:: Data shown ::
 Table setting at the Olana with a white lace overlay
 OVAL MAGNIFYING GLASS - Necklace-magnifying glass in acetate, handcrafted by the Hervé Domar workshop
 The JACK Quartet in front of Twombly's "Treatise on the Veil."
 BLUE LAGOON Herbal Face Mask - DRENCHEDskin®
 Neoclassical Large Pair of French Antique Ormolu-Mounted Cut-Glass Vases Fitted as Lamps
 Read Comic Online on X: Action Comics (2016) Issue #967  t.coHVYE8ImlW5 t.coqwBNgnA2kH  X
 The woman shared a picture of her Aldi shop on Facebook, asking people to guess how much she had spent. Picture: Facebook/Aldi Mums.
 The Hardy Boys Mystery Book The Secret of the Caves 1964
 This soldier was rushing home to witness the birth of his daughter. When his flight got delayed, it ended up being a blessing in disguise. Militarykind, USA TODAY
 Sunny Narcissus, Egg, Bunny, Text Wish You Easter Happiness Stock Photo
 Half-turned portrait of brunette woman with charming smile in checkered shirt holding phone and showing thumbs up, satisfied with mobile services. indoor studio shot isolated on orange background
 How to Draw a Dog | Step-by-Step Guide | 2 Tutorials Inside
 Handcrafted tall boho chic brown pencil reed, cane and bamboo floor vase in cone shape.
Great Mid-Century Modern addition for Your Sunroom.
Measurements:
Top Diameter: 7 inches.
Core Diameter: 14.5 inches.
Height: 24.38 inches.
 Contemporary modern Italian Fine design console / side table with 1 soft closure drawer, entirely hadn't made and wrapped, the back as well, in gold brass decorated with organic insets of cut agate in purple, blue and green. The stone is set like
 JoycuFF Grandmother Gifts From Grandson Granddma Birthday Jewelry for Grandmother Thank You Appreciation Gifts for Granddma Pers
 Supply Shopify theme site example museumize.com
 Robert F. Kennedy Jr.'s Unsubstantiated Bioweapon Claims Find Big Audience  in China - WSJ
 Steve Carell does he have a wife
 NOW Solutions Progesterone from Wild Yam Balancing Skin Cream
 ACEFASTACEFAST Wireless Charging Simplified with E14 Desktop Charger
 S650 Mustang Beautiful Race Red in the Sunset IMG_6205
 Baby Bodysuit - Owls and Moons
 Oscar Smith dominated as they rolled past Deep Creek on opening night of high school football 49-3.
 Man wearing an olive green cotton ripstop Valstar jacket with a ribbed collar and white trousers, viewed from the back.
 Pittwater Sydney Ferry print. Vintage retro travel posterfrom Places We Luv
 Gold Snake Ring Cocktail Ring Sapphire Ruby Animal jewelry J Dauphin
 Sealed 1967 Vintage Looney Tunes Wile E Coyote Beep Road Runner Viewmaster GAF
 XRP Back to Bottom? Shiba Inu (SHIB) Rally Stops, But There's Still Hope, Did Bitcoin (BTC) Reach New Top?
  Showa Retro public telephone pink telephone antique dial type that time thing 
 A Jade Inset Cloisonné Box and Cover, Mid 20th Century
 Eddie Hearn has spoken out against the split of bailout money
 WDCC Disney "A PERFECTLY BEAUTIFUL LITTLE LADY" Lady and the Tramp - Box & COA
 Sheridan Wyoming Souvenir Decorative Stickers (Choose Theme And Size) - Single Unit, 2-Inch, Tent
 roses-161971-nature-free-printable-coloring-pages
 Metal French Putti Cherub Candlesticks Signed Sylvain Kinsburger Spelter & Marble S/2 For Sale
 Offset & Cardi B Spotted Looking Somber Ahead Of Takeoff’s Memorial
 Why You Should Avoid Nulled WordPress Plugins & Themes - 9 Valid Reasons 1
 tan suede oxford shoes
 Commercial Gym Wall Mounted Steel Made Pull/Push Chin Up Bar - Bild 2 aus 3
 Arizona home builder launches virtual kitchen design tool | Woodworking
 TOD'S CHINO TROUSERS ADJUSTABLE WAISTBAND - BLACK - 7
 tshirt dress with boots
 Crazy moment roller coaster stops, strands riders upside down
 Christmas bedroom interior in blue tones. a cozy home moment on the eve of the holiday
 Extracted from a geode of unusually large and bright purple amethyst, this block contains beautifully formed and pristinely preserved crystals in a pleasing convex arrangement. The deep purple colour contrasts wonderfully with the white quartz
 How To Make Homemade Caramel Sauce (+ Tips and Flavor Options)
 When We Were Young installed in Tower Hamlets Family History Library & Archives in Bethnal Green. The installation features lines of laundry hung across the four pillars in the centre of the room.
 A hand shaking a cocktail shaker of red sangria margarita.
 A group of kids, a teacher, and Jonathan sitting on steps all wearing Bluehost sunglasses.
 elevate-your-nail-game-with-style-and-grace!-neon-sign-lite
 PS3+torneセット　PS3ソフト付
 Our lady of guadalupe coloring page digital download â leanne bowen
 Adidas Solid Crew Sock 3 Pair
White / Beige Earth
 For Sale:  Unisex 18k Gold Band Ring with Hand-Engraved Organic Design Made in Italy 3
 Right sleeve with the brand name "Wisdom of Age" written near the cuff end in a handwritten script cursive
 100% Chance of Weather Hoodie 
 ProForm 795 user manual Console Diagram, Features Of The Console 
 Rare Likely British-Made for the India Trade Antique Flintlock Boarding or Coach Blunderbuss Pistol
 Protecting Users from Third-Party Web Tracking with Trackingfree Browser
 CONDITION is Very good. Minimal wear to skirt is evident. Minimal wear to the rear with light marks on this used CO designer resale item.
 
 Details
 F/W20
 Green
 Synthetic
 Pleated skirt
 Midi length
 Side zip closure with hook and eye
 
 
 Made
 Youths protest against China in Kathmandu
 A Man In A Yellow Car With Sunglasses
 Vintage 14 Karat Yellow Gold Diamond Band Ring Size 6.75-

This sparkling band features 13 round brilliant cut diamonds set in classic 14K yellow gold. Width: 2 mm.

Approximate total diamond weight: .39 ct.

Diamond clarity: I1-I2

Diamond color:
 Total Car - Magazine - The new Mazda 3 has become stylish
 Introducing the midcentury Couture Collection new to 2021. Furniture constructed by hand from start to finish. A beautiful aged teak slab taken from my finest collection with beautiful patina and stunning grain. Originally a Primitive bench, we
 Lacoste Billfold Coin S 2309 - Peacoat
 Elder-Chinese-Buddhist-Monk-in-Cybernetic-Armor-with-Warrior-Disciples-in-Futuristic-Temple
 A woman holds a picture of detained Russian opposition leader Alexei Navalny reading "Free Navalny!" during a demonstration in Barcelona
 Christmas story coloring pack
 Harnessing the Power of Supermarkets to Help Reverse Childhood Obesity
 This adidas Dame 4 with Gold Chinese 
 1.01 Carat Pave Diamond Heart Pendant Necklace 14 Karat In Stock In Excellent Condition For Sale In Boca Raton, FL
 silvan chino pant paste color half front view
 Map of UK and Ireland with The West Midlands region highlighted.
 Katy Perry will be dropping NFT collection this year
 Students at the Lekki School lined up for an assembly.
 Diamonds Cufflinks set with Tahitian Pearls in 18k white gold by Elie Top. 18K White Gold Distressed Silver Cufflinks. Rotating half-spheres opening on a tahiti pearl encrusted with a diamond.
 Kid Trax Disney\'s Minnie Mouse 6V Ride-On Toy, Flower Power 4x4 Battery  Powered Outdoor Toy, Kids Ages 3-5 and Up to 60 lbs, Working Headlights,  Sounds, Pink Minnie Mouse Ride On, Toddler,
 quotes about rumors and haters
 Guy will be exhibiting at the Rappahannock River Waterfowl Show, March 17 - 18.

:: What is needed ::
Where "front" occurs in a line of the data above, count that line. Give the final count and no other words.

:: Finished task ::
2